▶ **Exercise objective**: Reproduce the listing below word for word and exclude any picture.

▶ **Dataset section**:
- - - -
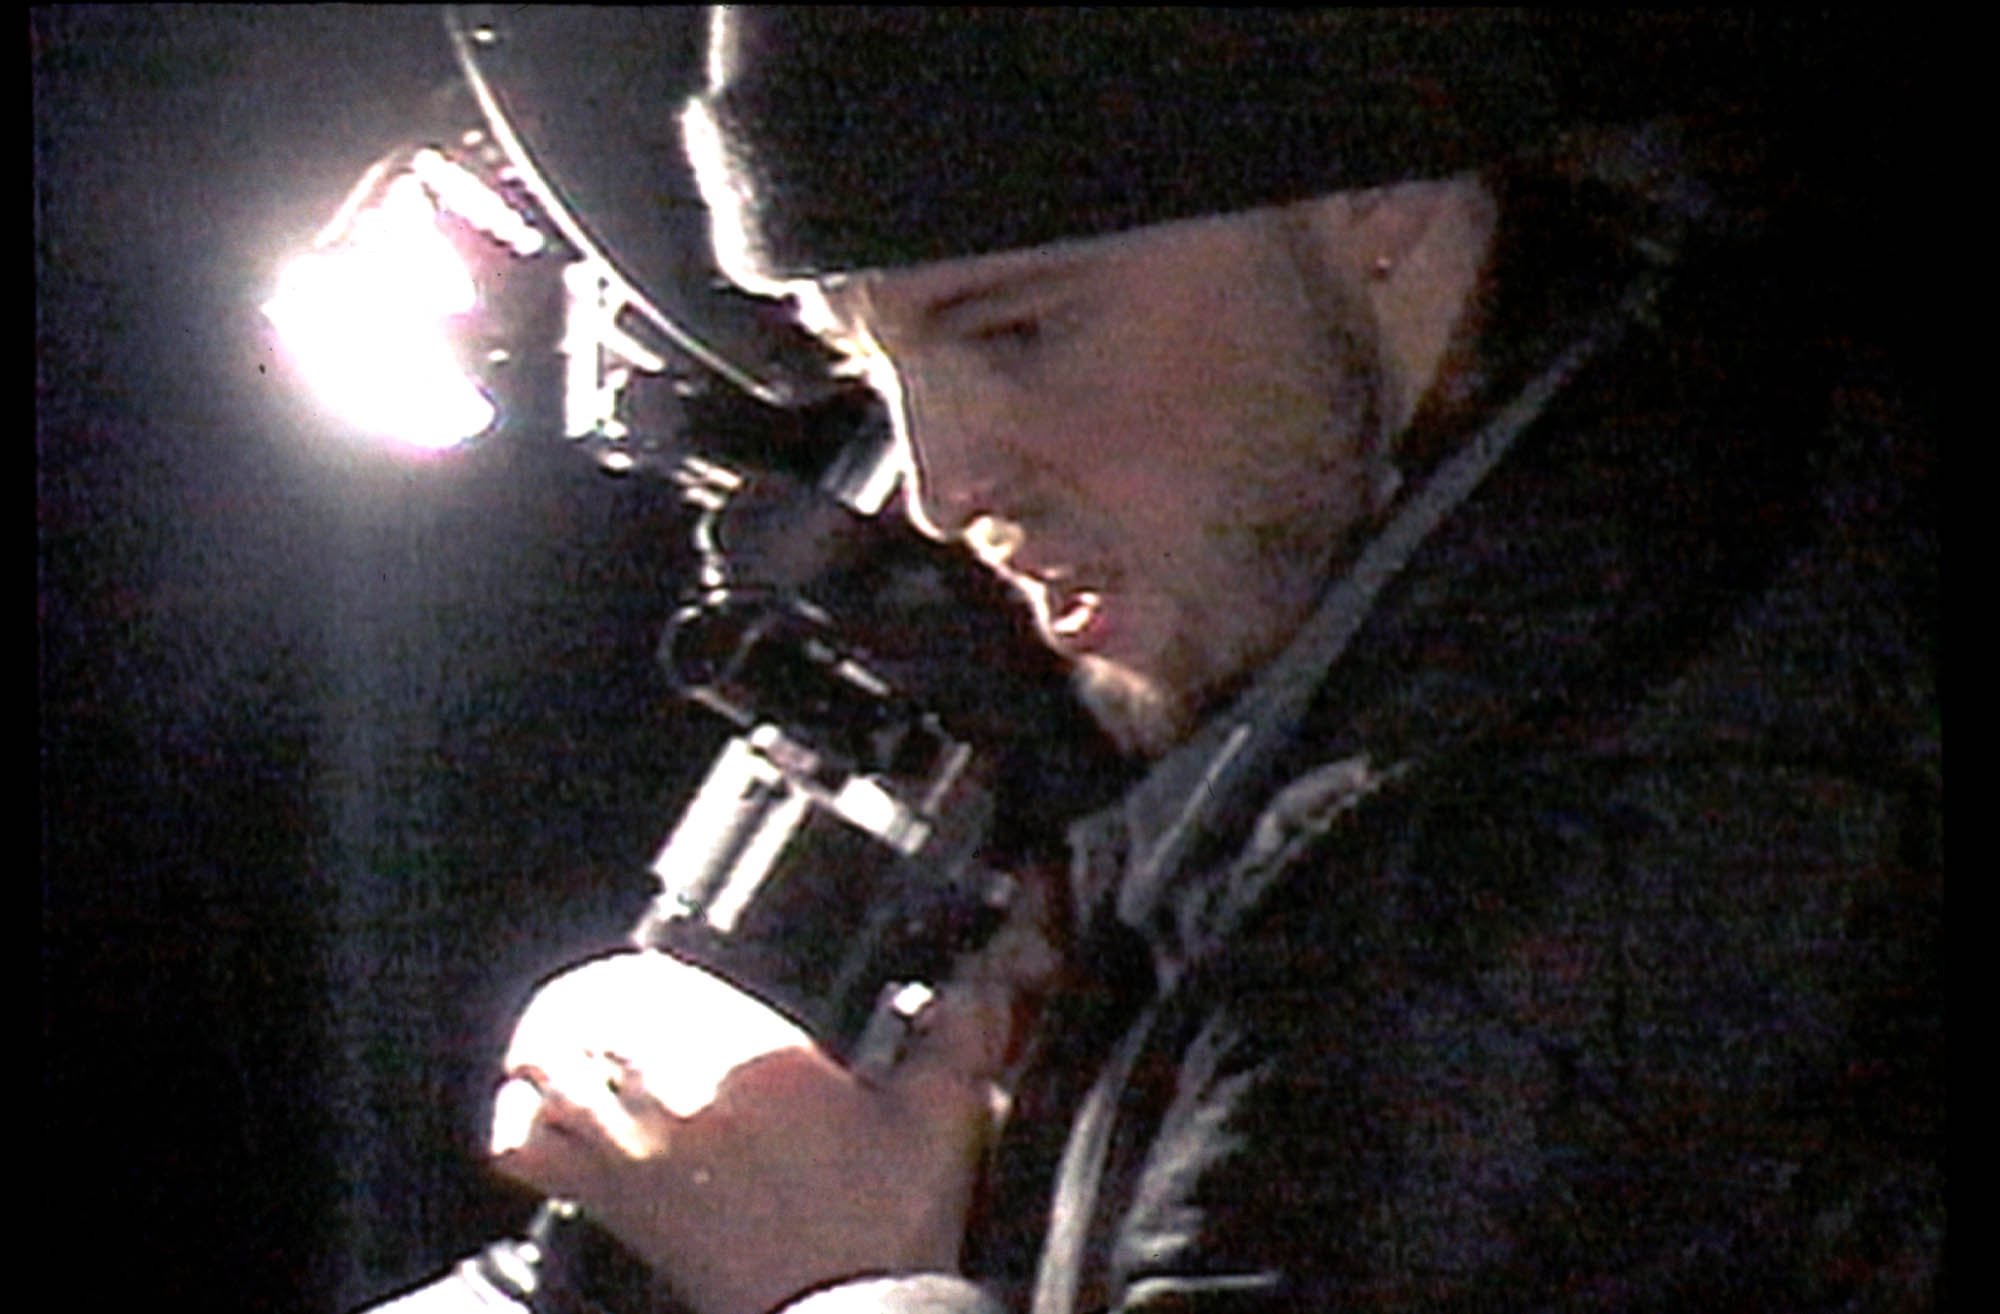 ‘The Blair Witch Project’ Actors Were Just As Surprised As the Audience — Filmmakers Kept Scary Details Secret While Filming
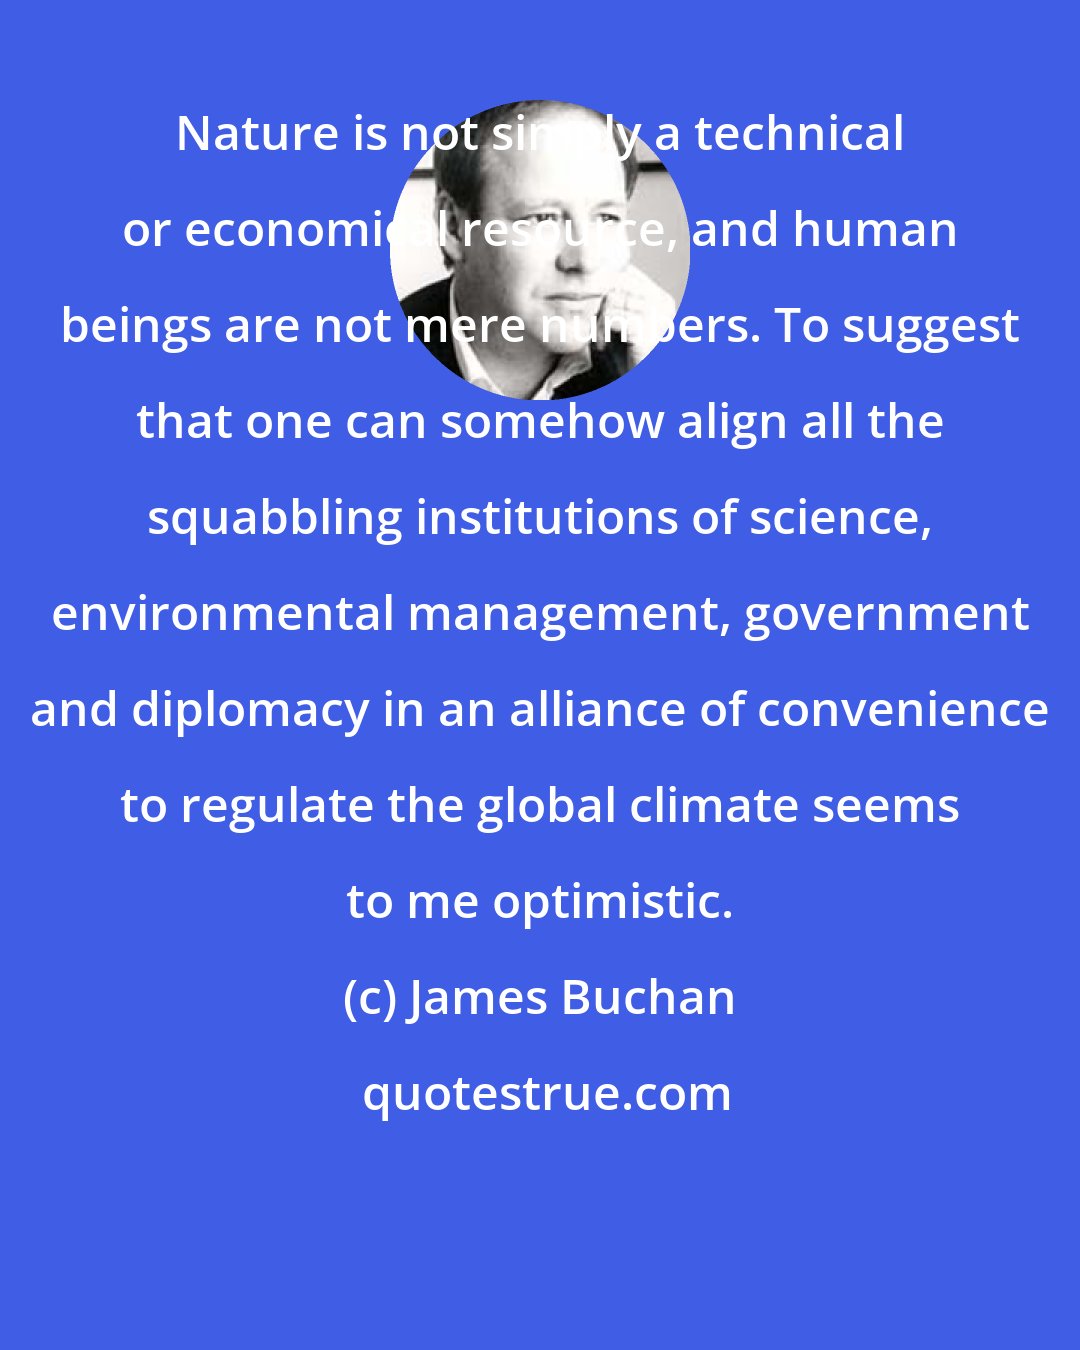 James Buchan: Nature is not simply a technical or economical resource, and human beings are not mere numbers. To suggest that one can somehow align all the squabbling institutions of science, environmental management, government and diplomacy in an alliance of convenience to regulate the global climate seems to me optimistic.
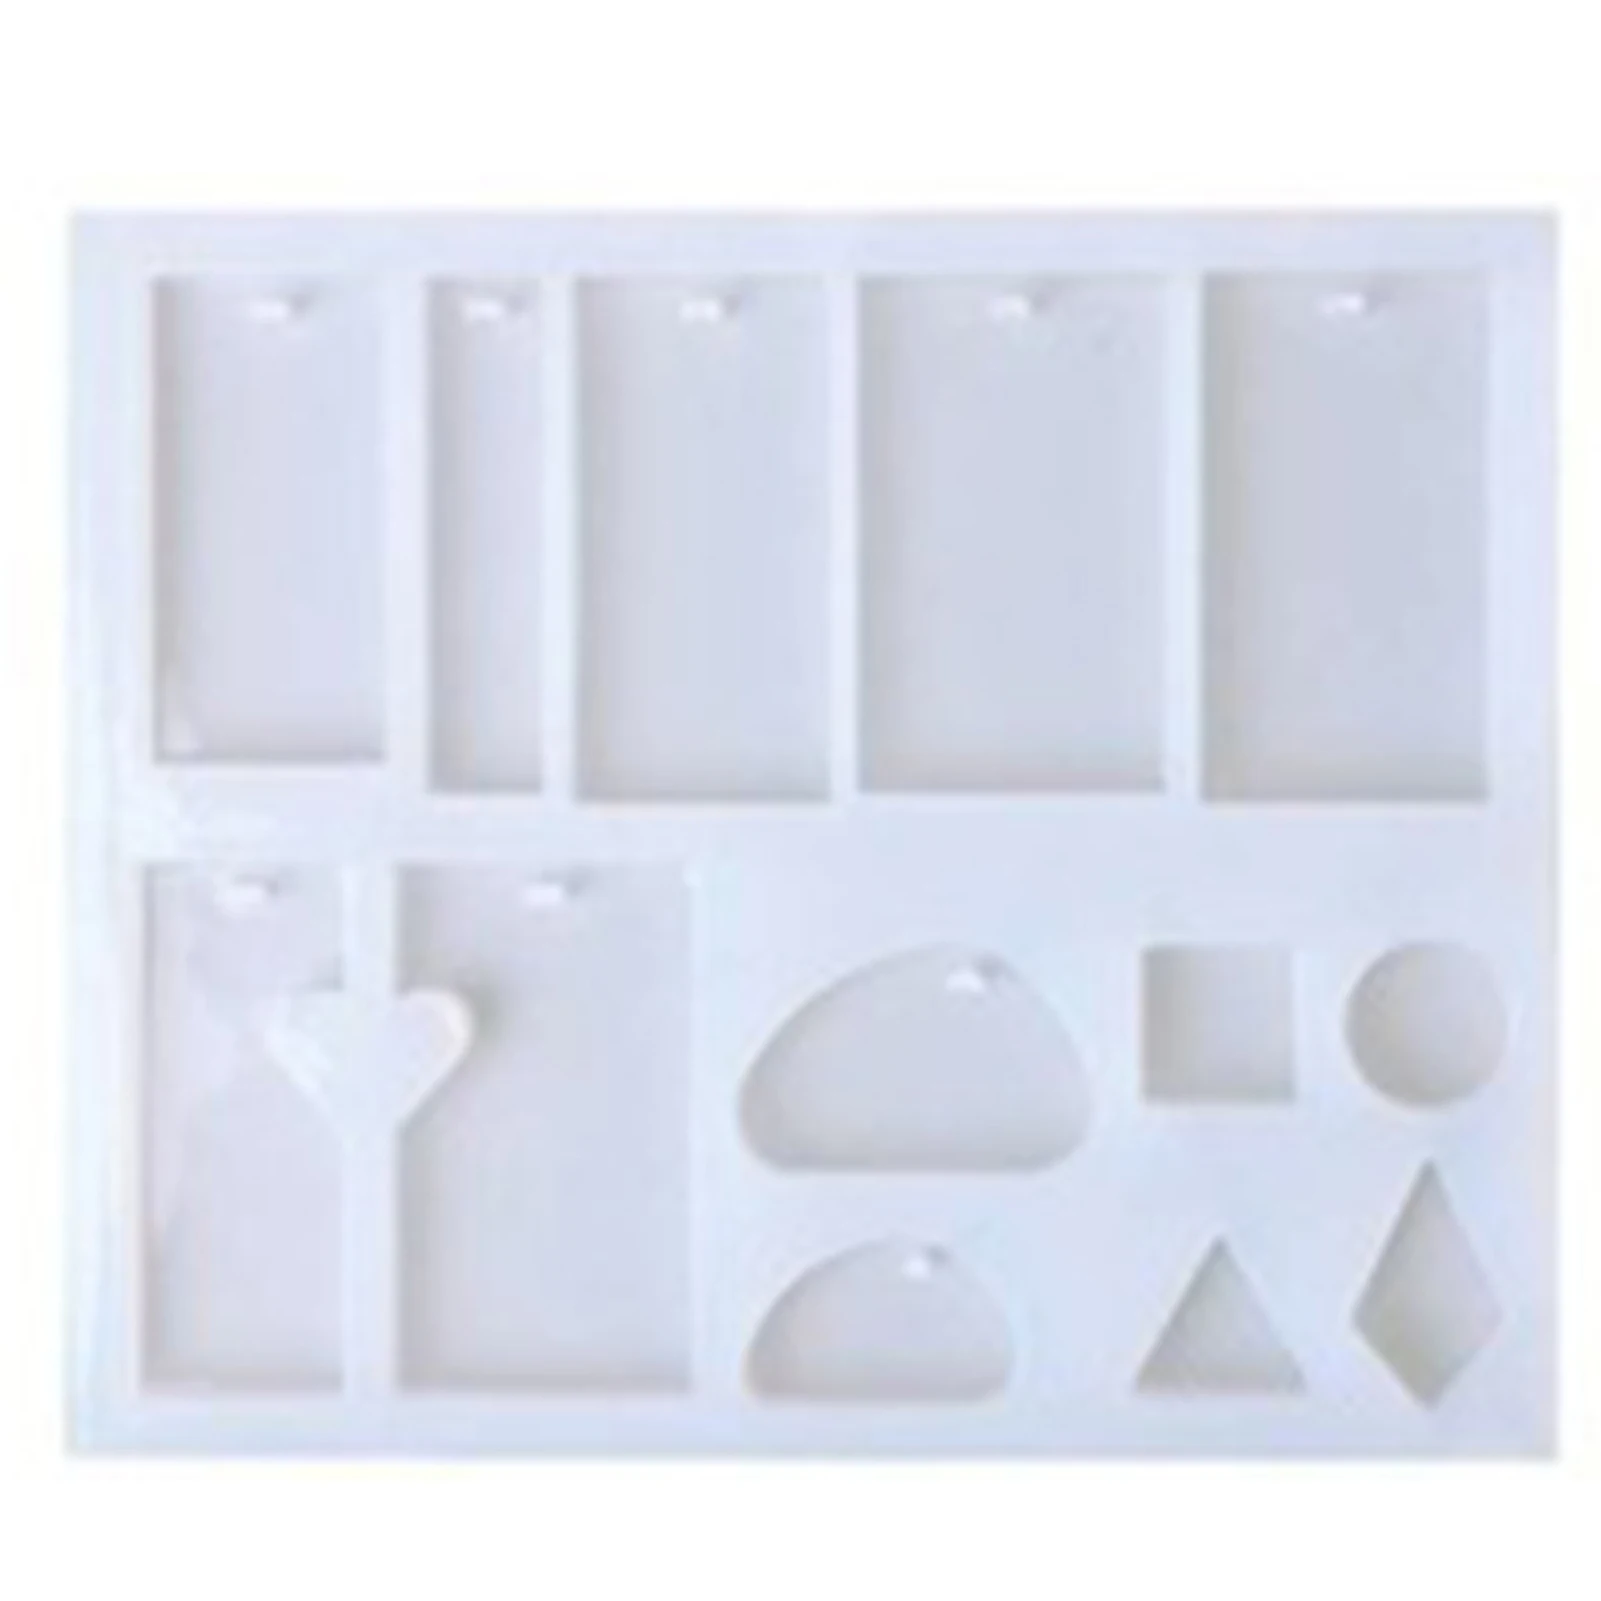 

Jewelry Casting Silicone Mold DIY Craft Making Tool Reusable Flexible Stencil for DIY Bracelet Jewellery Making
- - - -
▶ **Exercise answer**:
 ‘The Blair Witch Project’ Actors Were Just As Surprised As the Audience — Filmmakers Kept Scary Details Secret While Filming
 James Buchan: Nature is not simply a technical or economical resource, and human beings are not mere numbers. To suggest that one can somehow align all the squabbling institutions of science, environmental management, government and diplomacy in an alliance of convenience to regulate the global climate seems to me optimistic.

Jewelry Casting Silicone Mold DIY Craft Making Tool Reusable Flexible Stencil for DIY Bracelet Jewellery Making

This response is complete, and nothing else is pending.